Pulmonary hypoxic vasoconstriction: not affected by chemical sympathectomy

Abstract
The influence of chemical sympathectomy with 6-hydroxydopamine (6-OHDA) on regional alveolar hypoxic vasoconstriction and on global hypoxic pulmonary vasoconstriction was investigated. In 8 dogs a double-lumened endotracheal tube allowed ventilation of 1 lung with nitrogen as an alveolar hypoxic challenge while ventilation of the other lung with 100% O2 maintained adequate systemic oxygenation. Distribution of perfusion to the 2 lungs was determined with 133Xe and external counters. Mean perfusion to the test lung was 50.9 .+-. 4.9% of total lung perfusion on room air and decreased by 32.4% (P < 0.01) during alveolar hypoxia.
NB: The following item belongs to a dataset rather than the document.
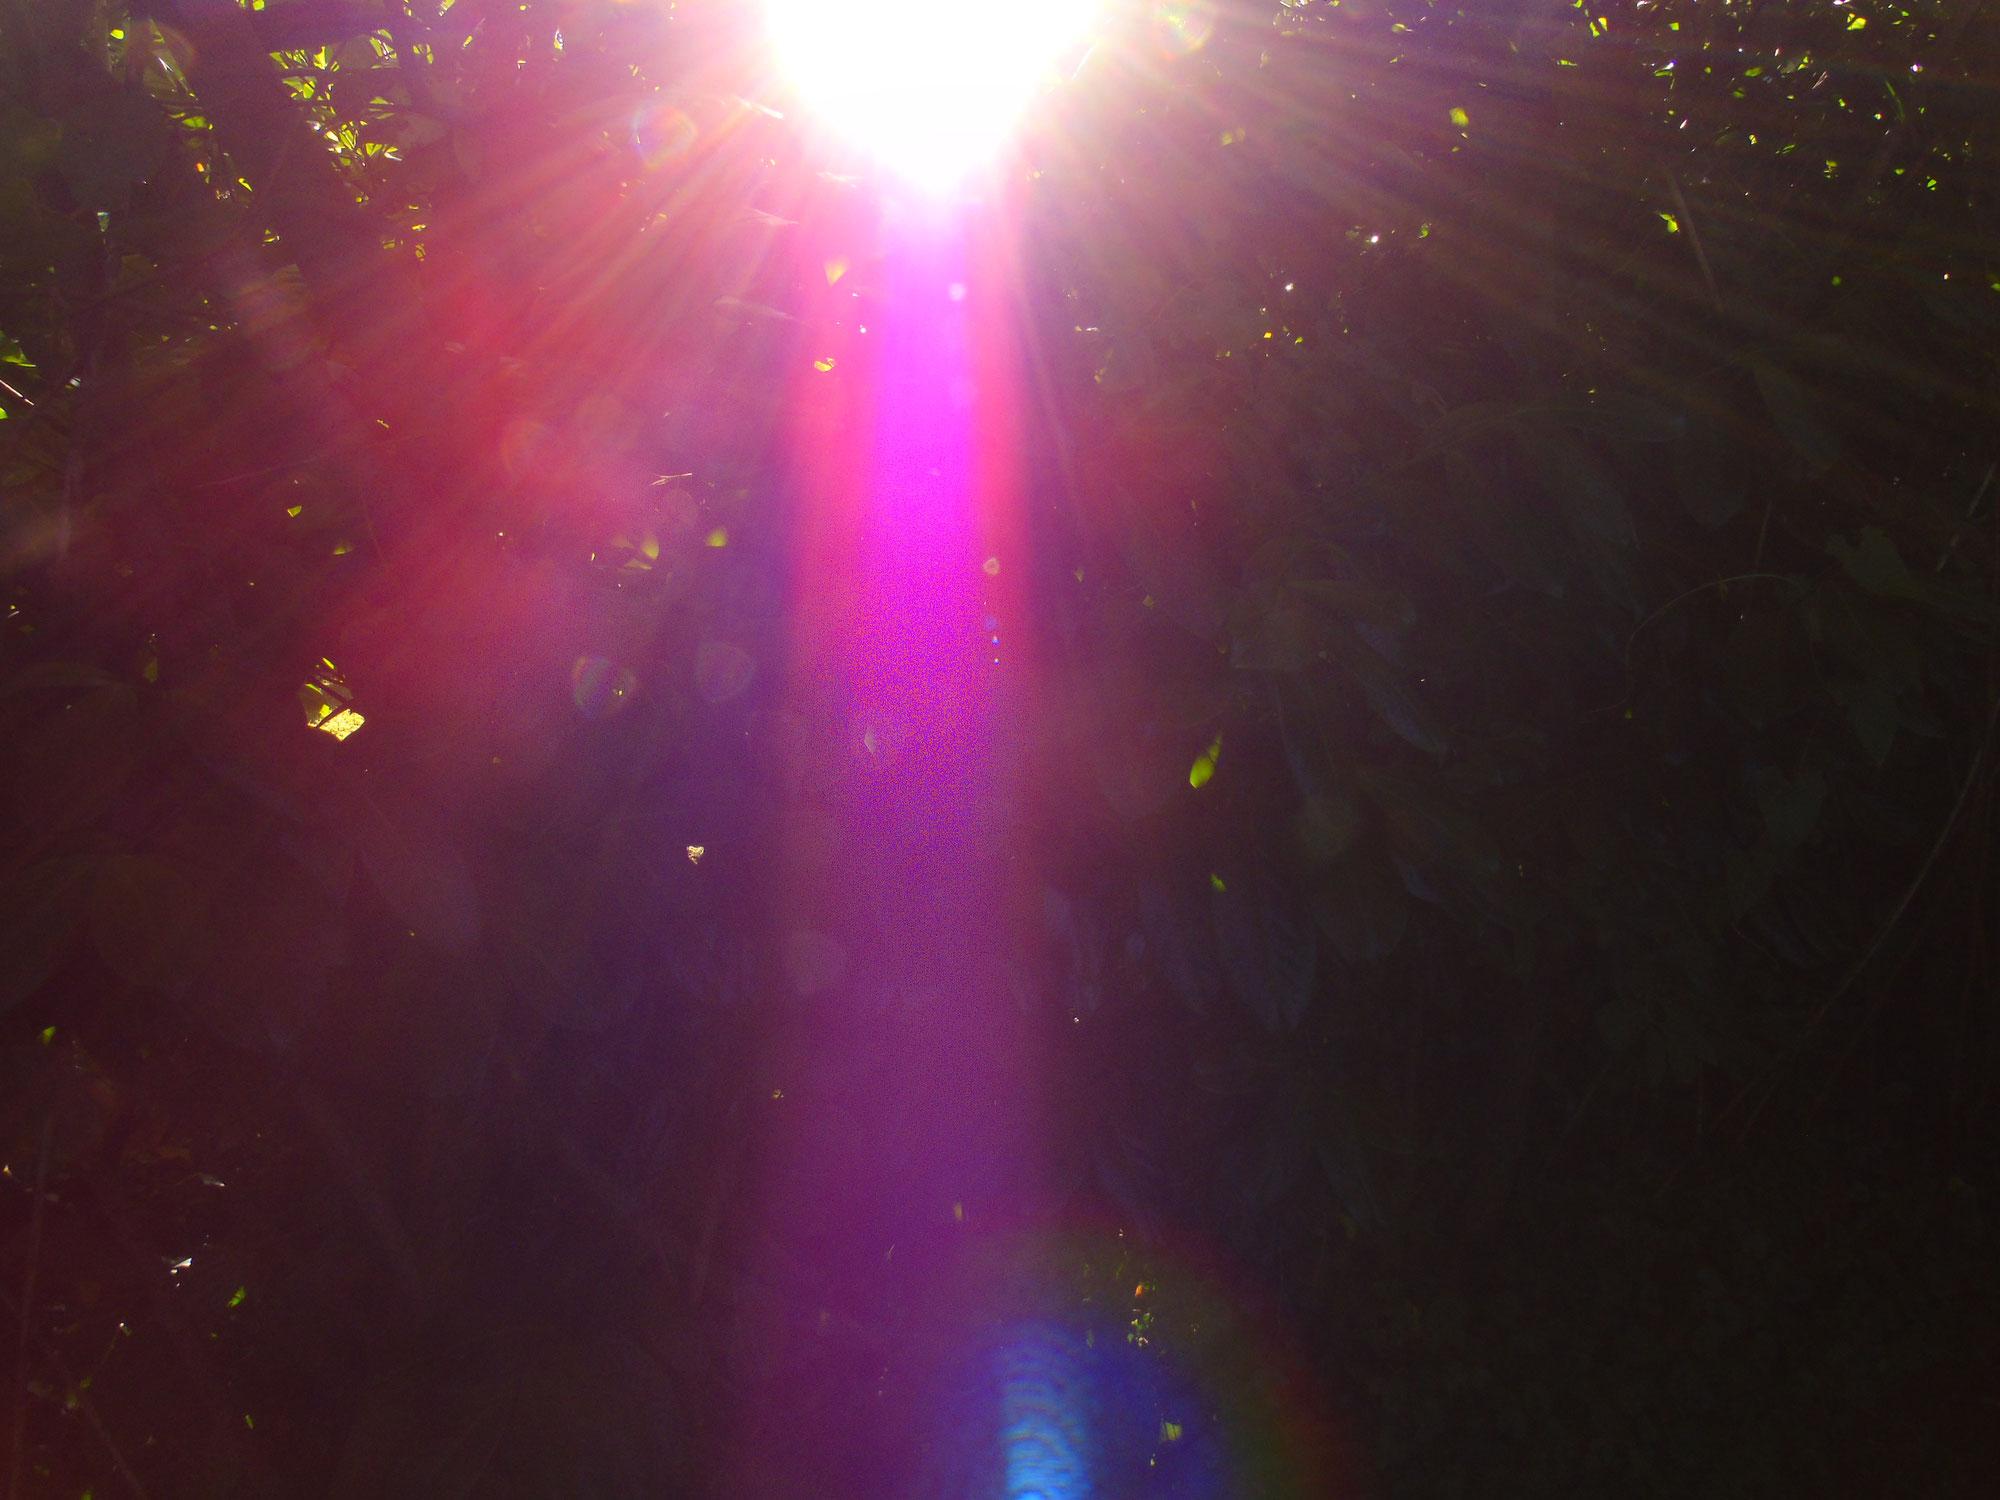 LICHTWESENFOTOGRAFIE: Ich bin dein Licht

Following 6-OHDA the test lung continued to reduce perfusion during alveolar hypoxia by 27.3%. In 5 dogs global hypoxia induced a 106% increase in pulmonary vascular resistance (PVR) prior to 6-OHDA and a 90% increase in PVR after 6-OHDA. After 6-OHDA no rise in PVR or systemic blood pressure occurred in response to tyramine, confirming effective sympathectomy by the 6-OHDA. Thus, sympathectomy with 6-OHDA failed to substantially block regional alveolar hypoxic vasoconstriction or global hypoxic pulmonary vasoconstriction.